> _INSTRUCTIONS TO FOLLOW_:
Write out the full listing exactly as given, minus the images.
====== INFORMATION PROVIDED
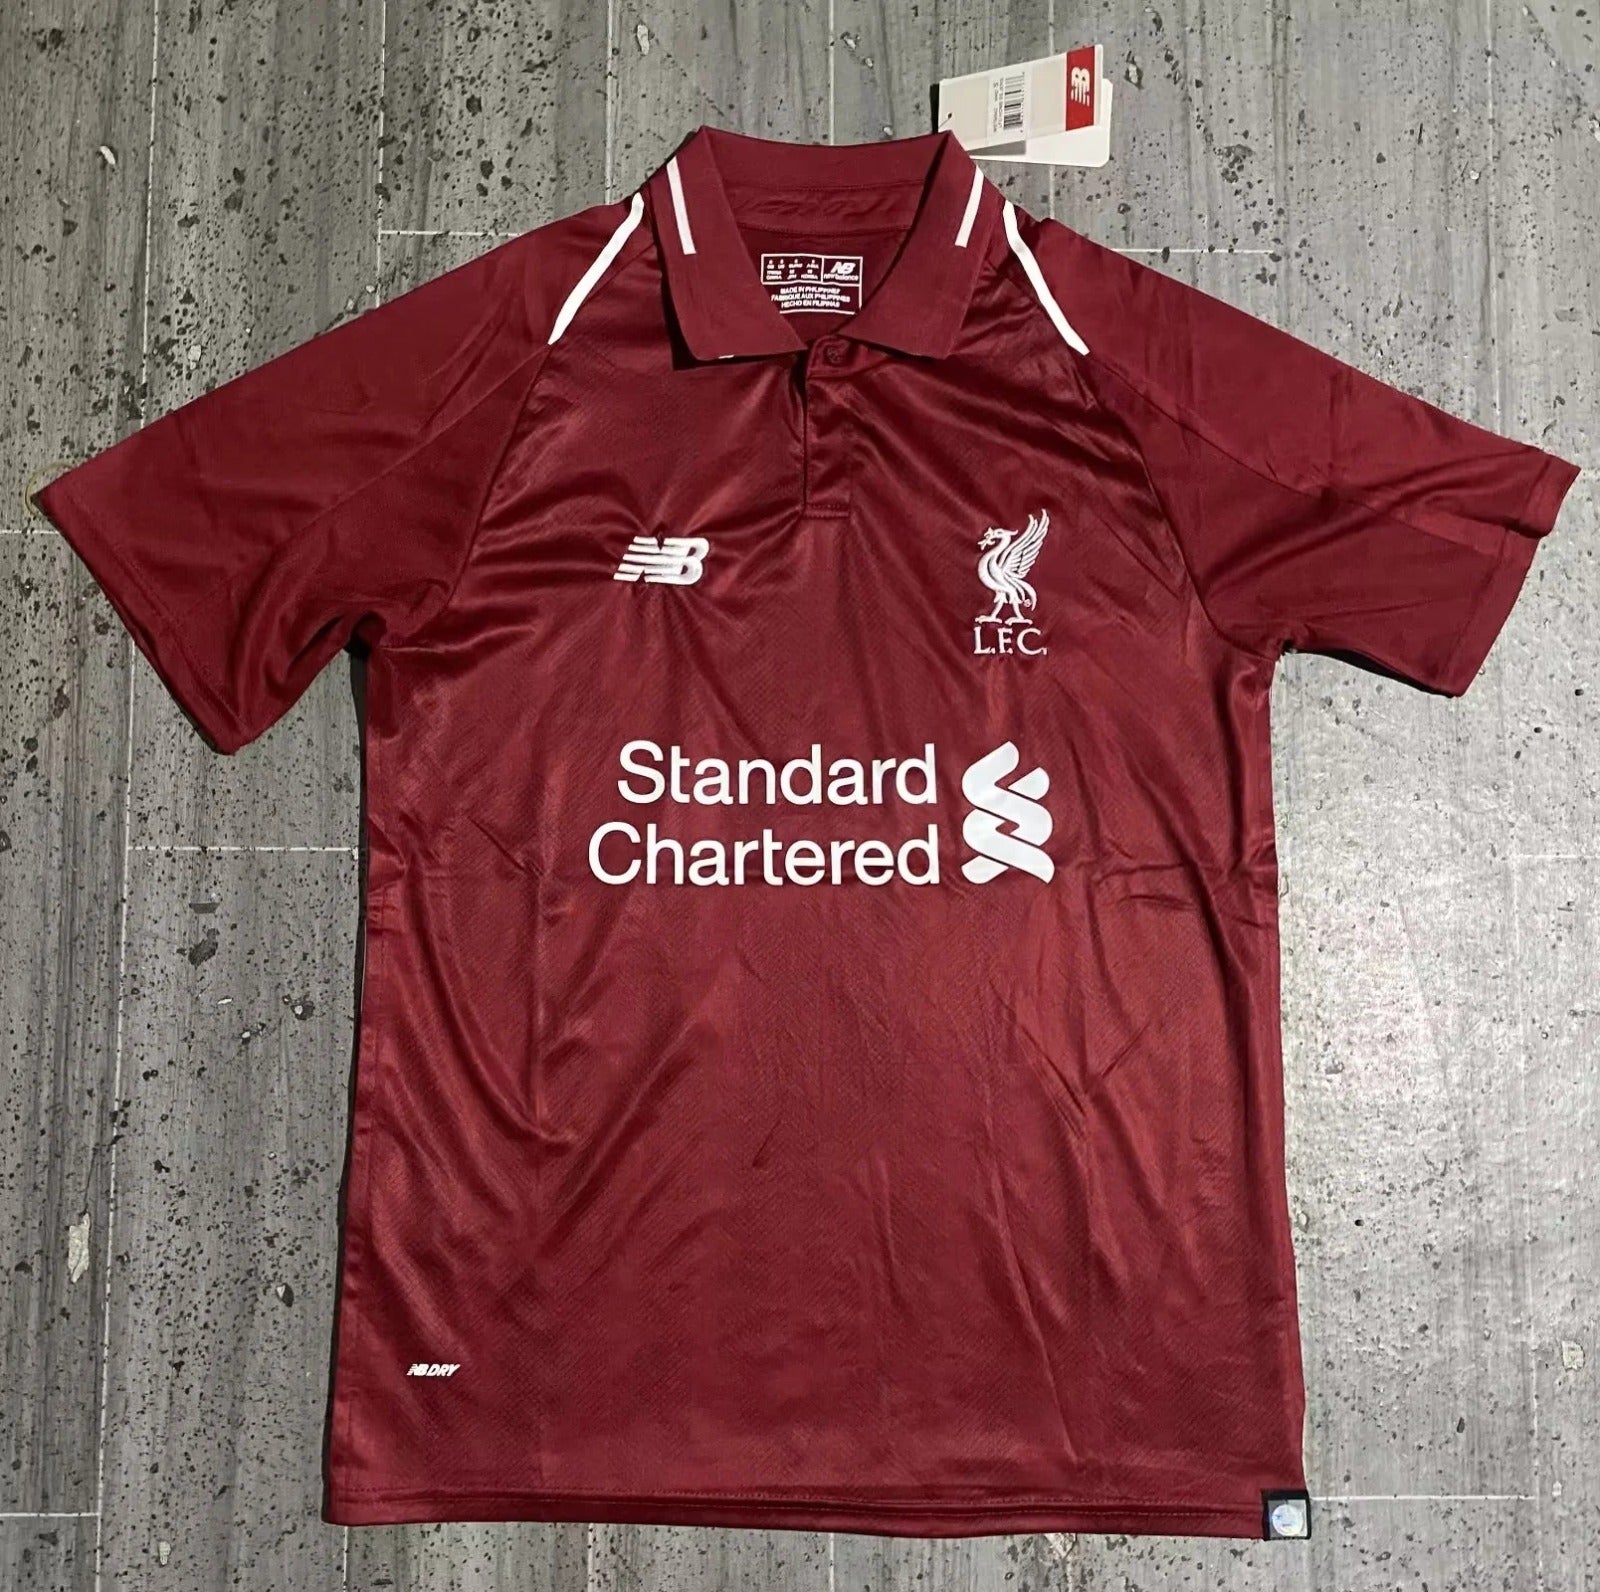 Producto: Liverpool 2018/19 Local
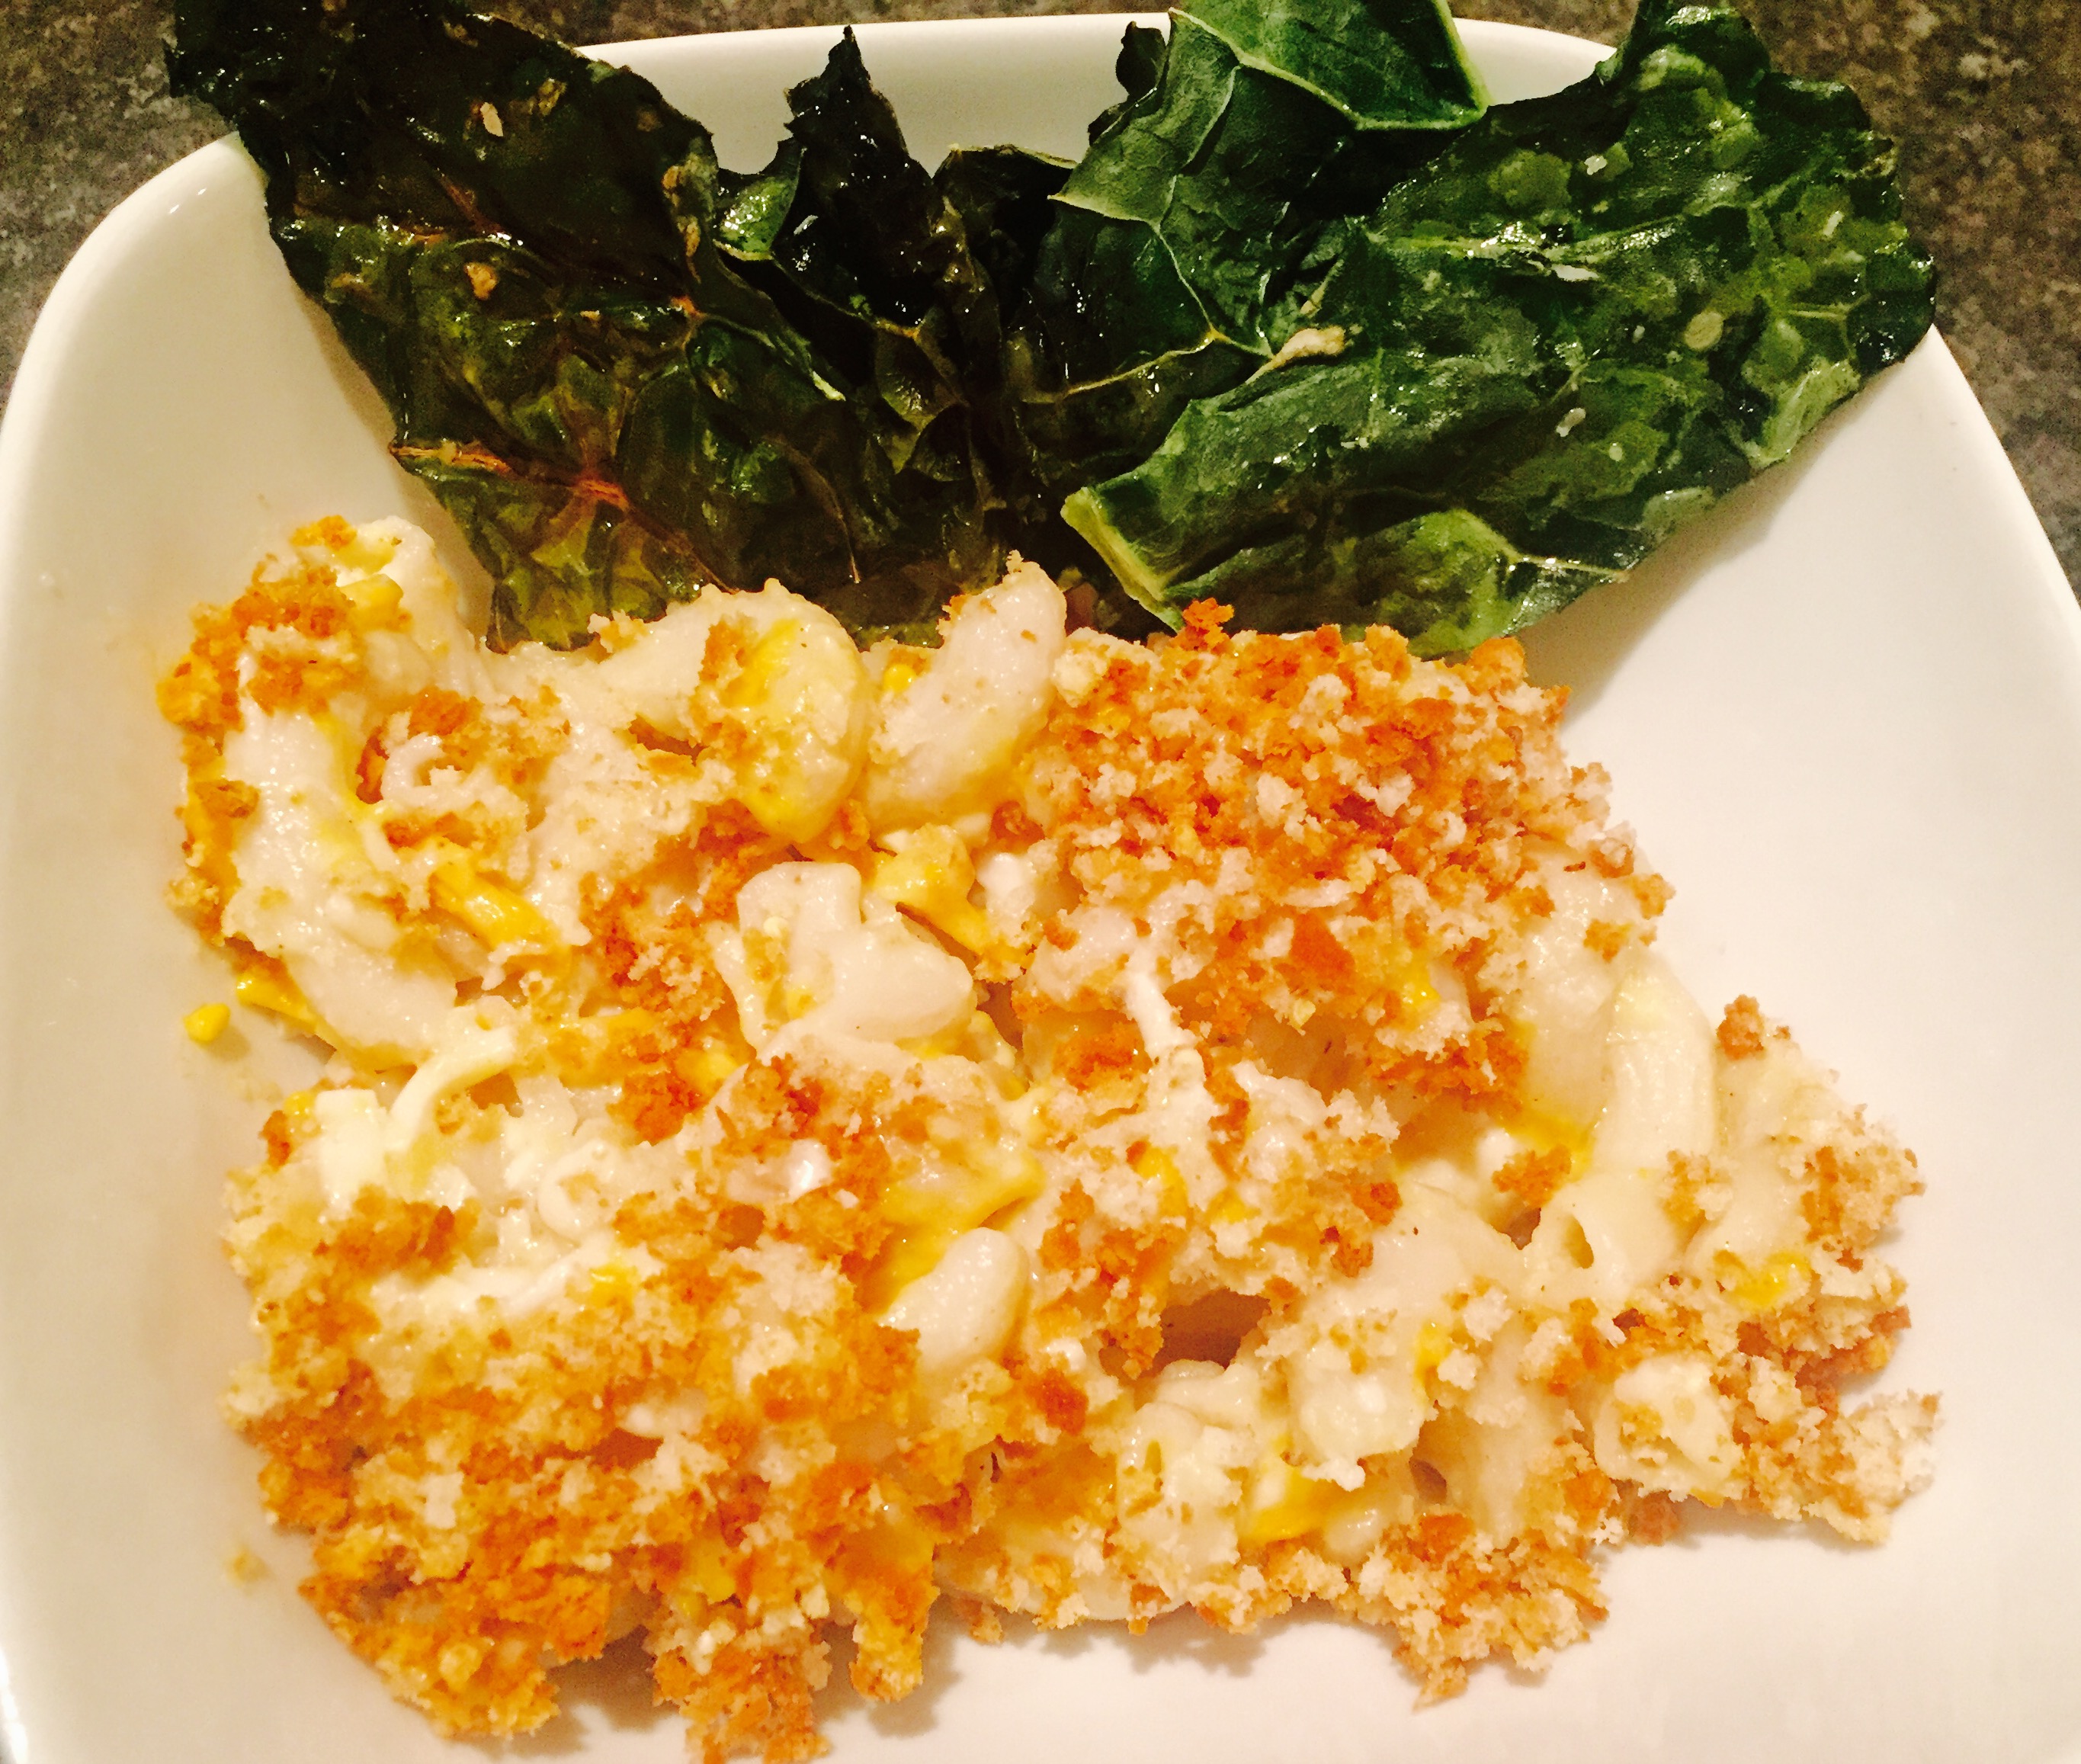 Dairy Free Mac and Cheese with Roasted Kale Chips
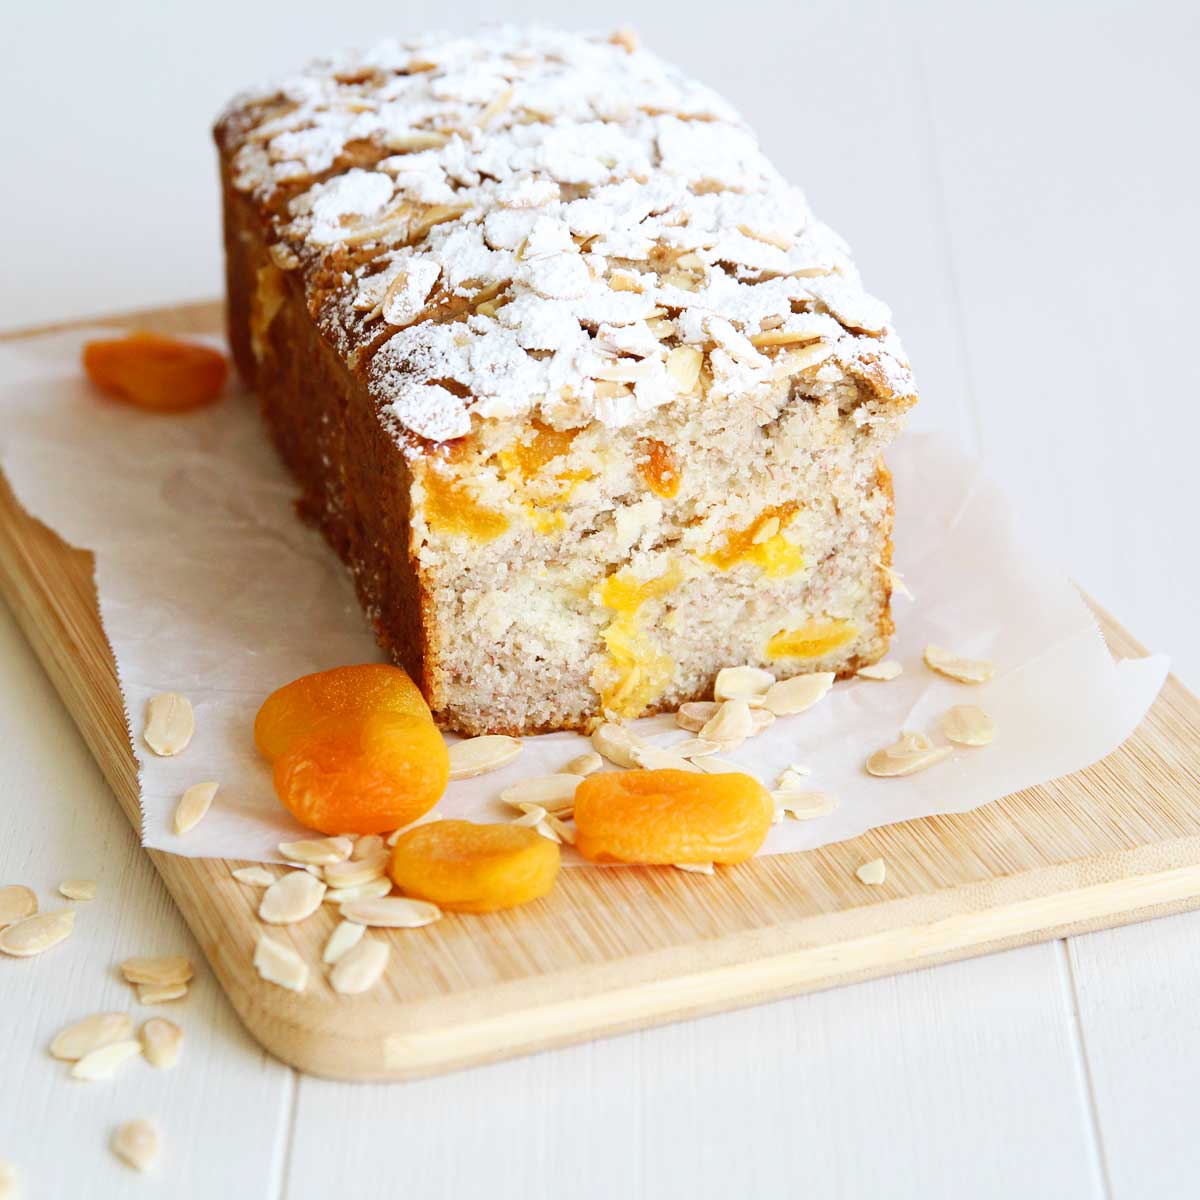 Simply Divine: Moist Vegan Almond Banana Bread with Apricots (Eggless, Dairy Free!) - Vegan Chocolate Whipped Cream
============
> _RESPONSE TO THIS TASK_:
 Producto: Liverpool 2018/19 Local
 Dairy Free Mac and Cheese with Roasted Kale Chips
 Simply Divine: Moist Vegan Almond Banana Bread with Apricots (Eggless, Dairy Free!) - Vegan Chocolate Whipped Cream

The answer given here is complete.